___ Supplied data ___
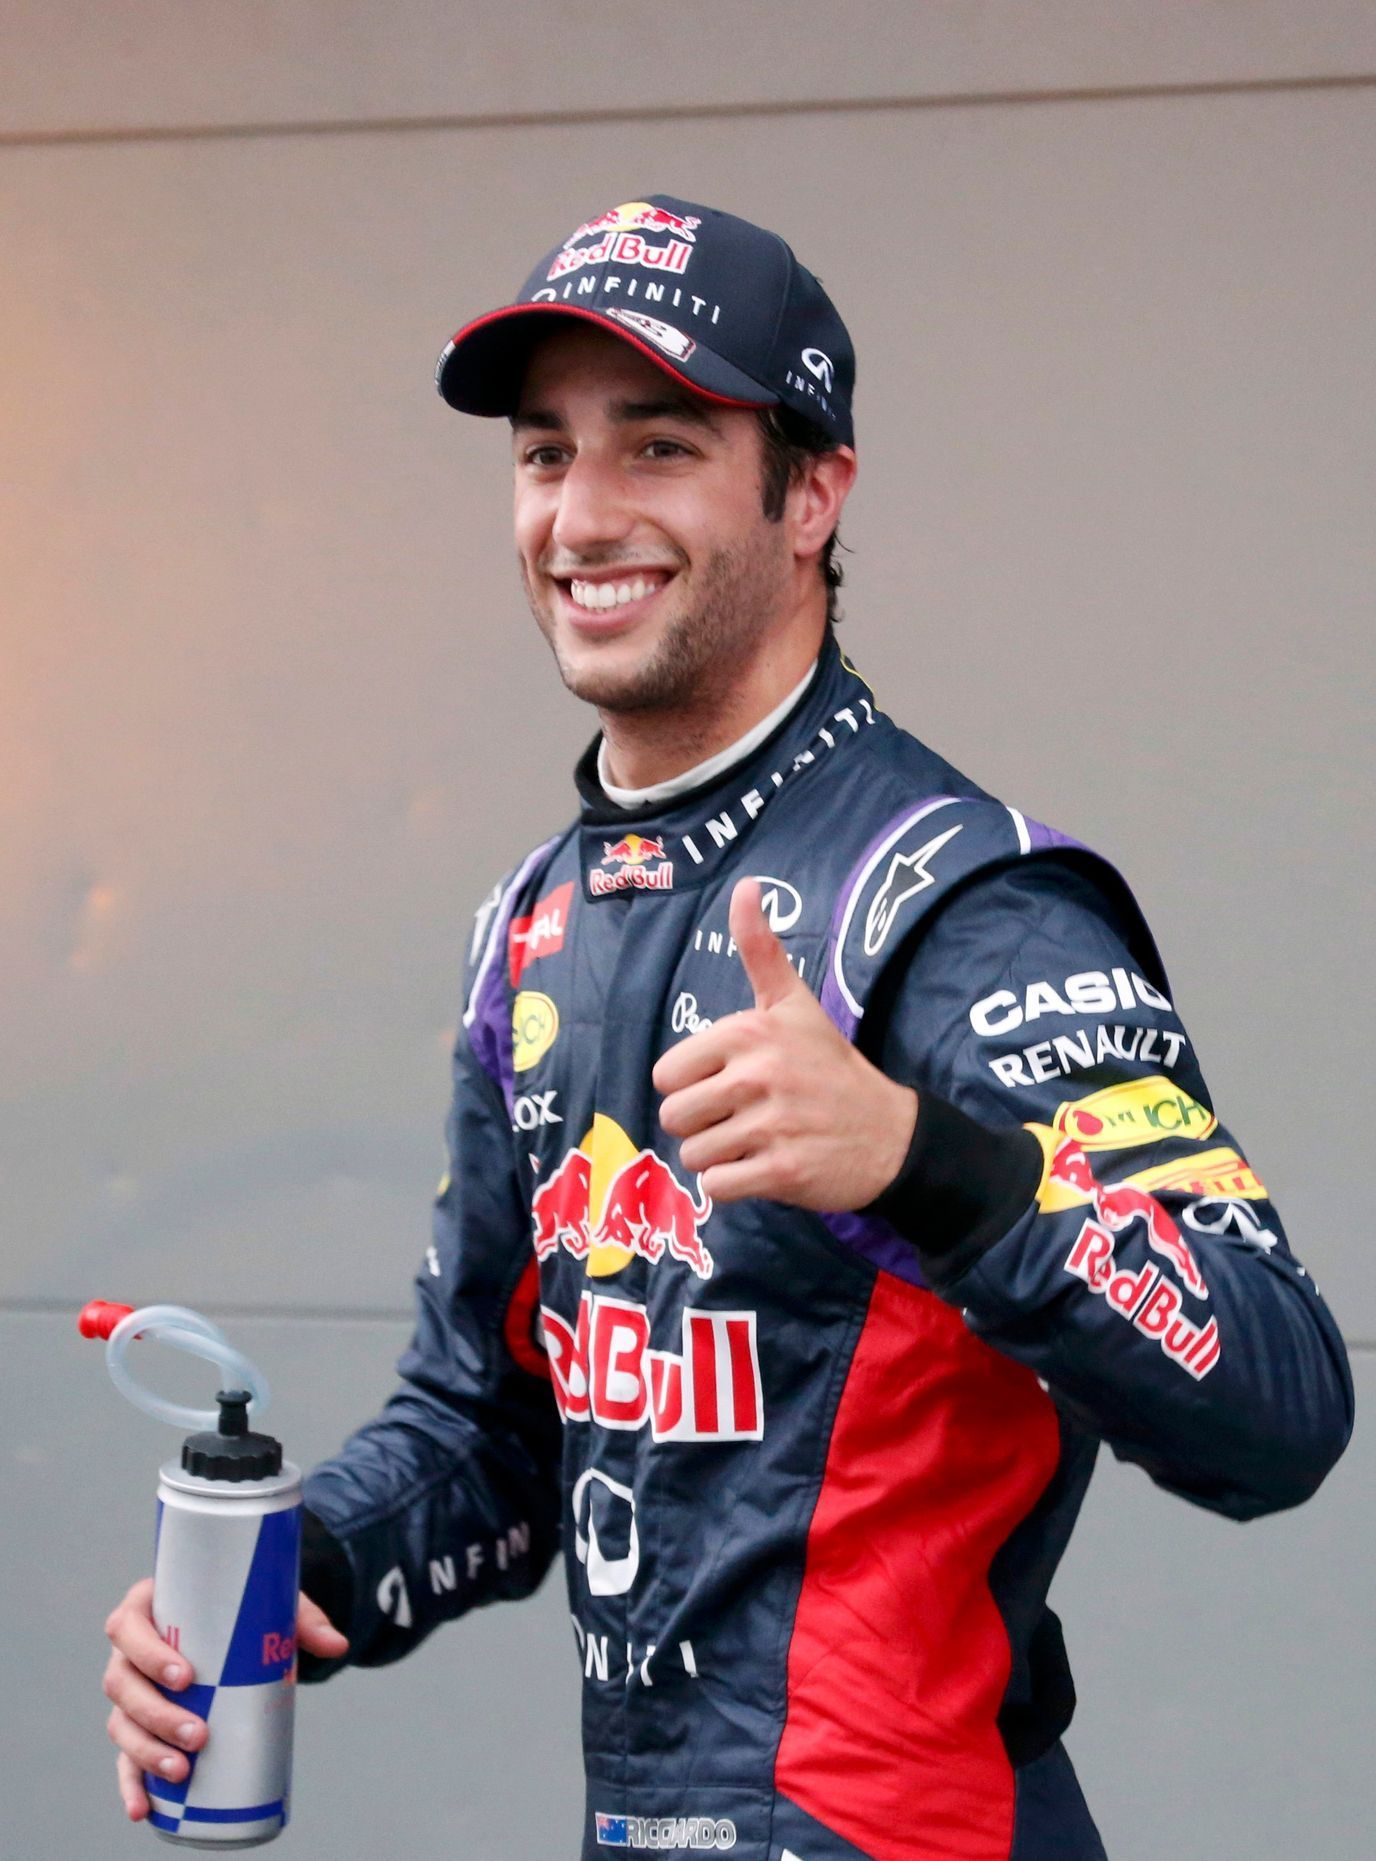 F1, VC Austrálie 2014: Daniel Ricciardo, Red Bull
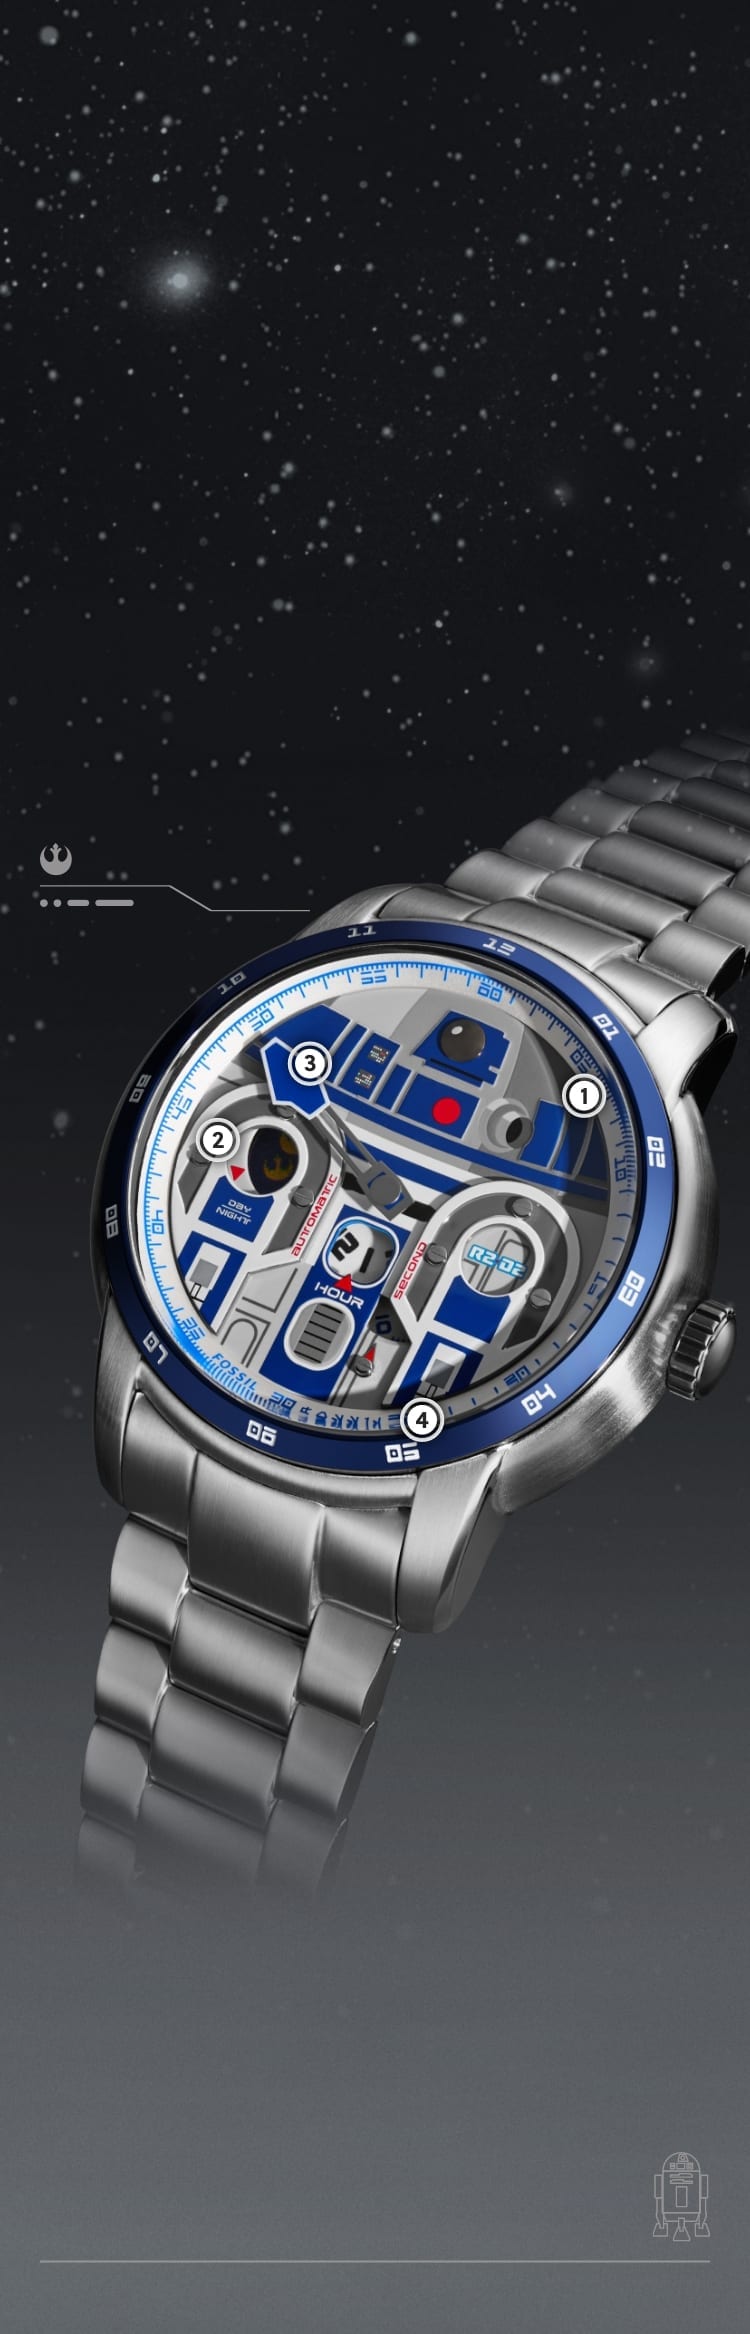 Eine Nahaufnahme einer silberfarbenen Uhr mit einer dreidimensionalen R2-D2-Applikation auf dem Zifferblatt
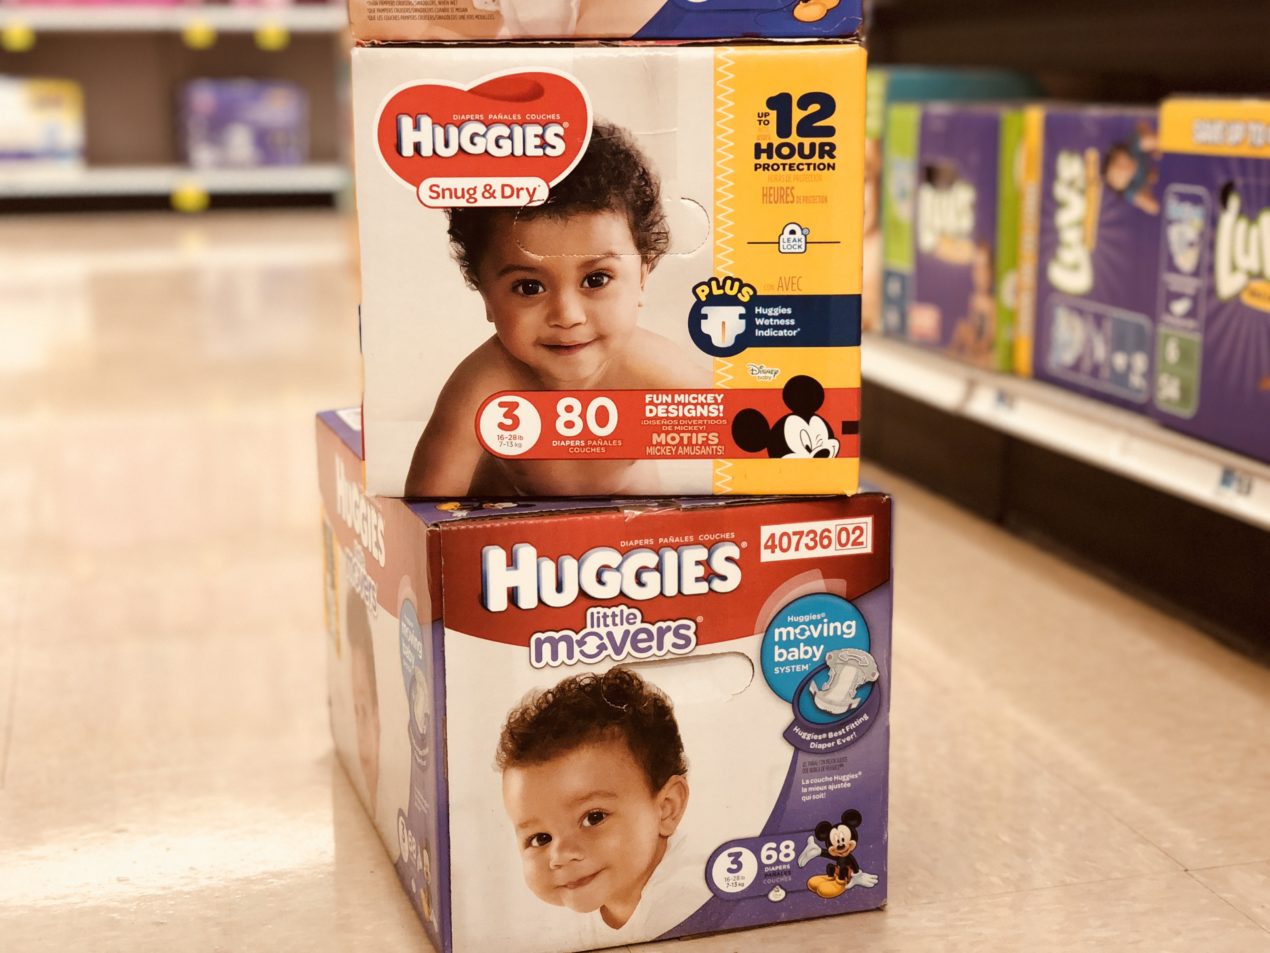 Huggies diapers box
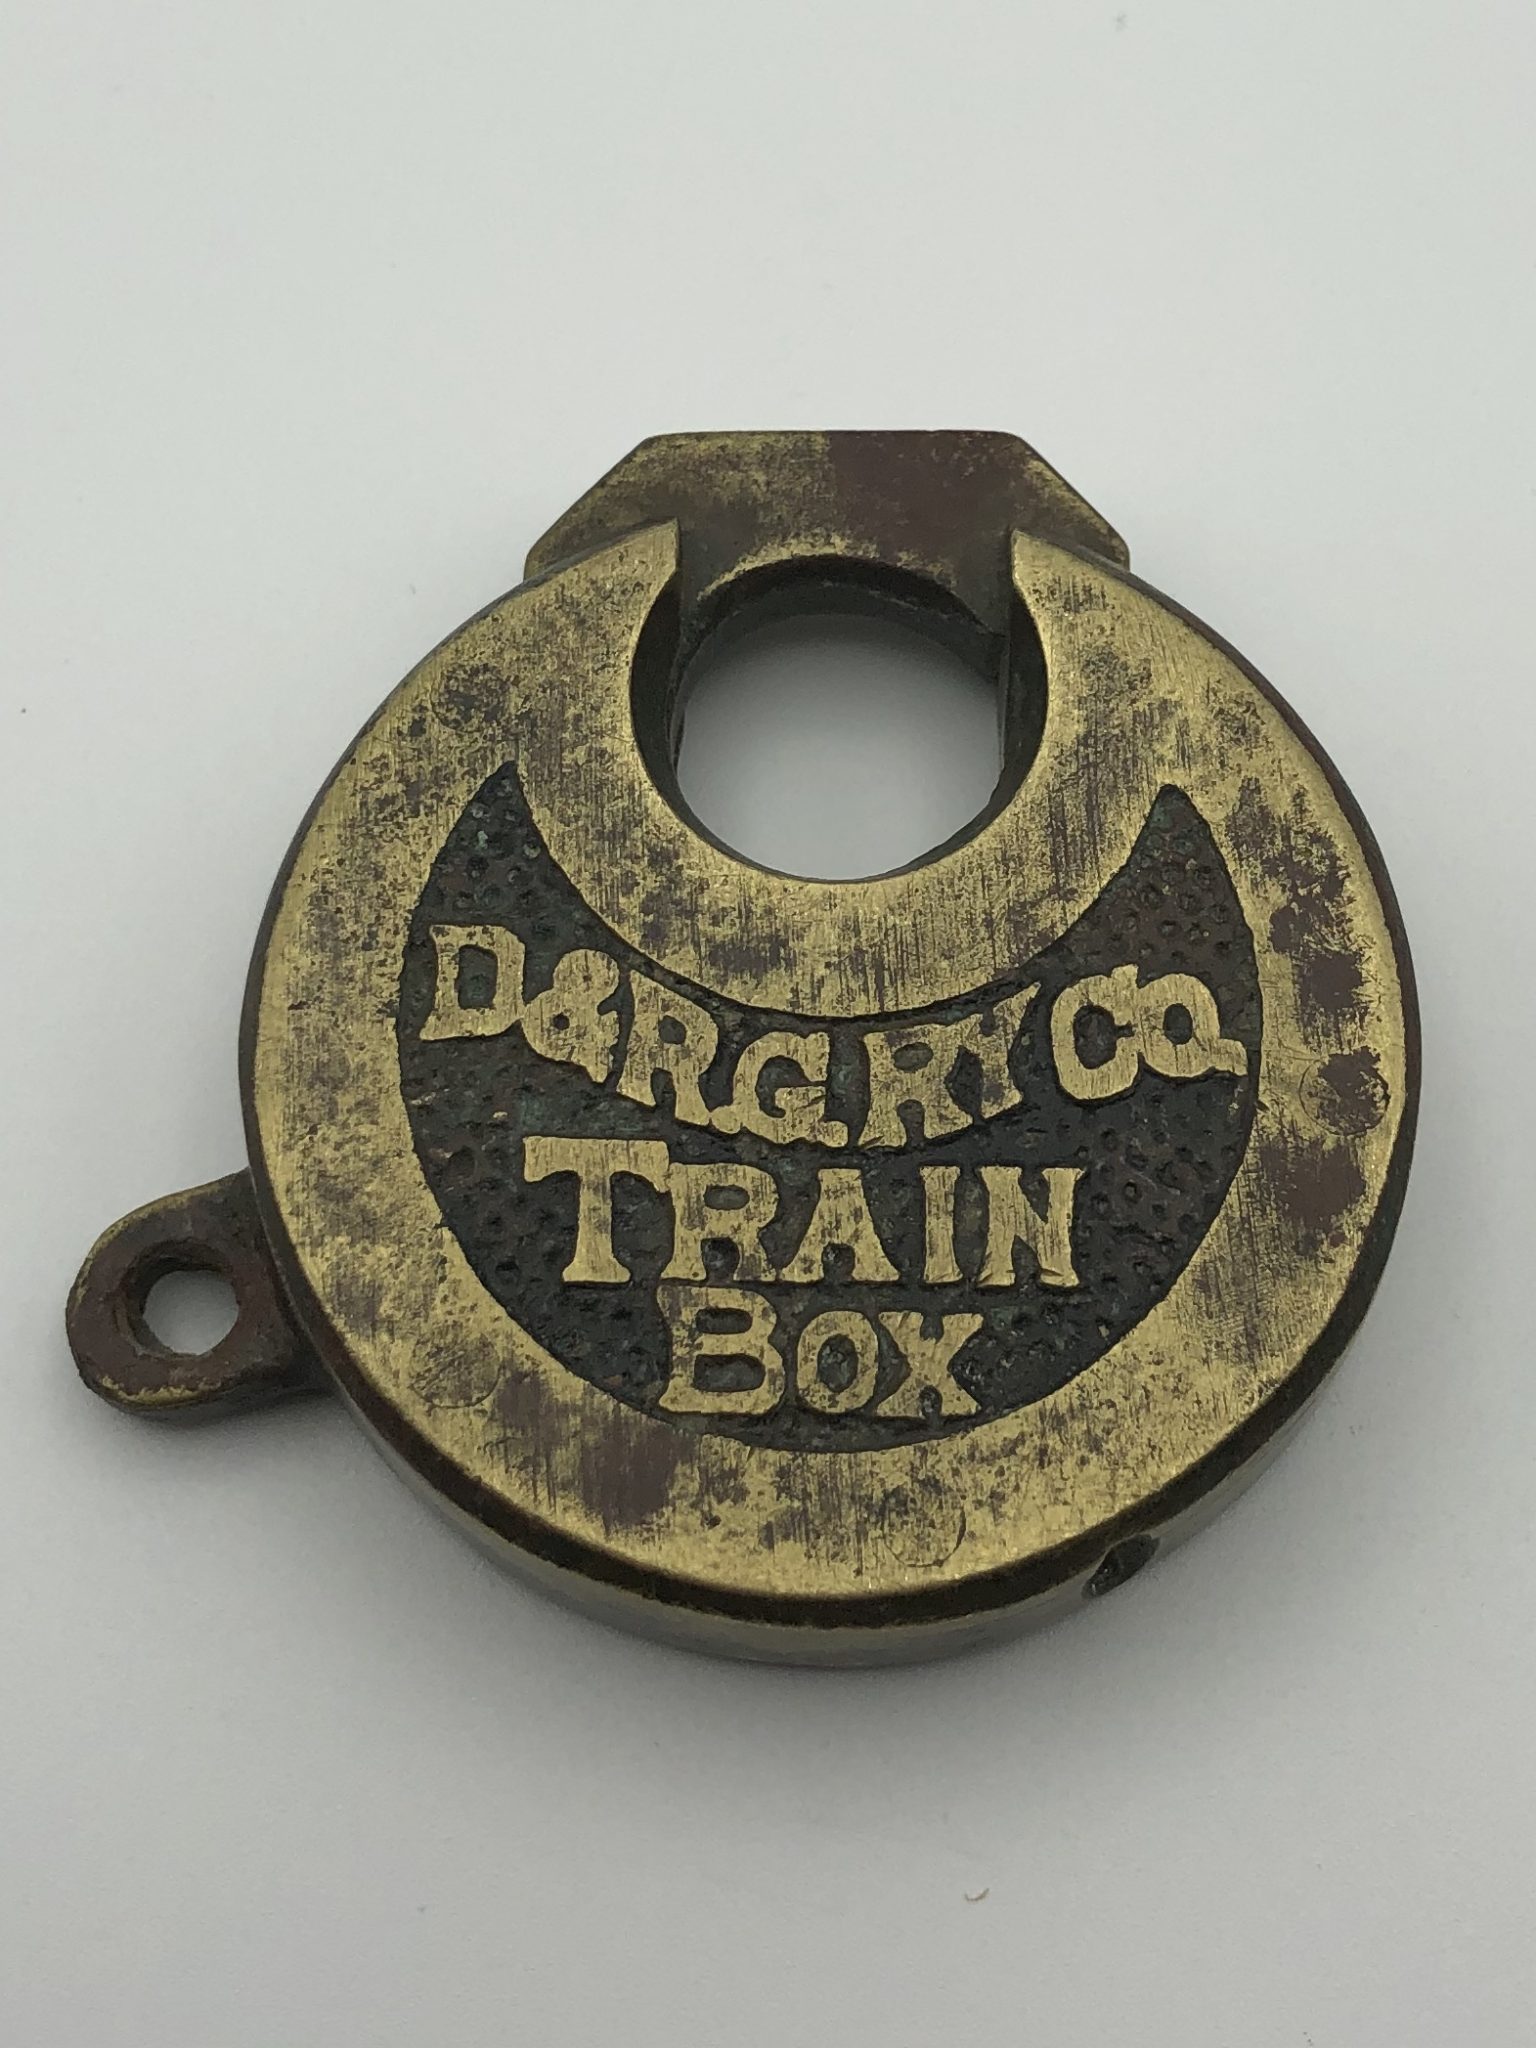 D&RGRY Railroad Train Box Lock
___
◆ **Assignment**:
The answer is the whole listing above, written out verbatim, without its pictures.

◆ **Solution to this task**:
 F1, VC Austrálie 2014: Daniel Ricciardo, Red Bull
 Eine Nahaufnahme einer silberfarbenen Uhr mit einer dreidimensionalen R2-D2-Applikation auf dem Zifferblatt
 Huggies diapers box
 D&RGRY Railroad Train Box Lock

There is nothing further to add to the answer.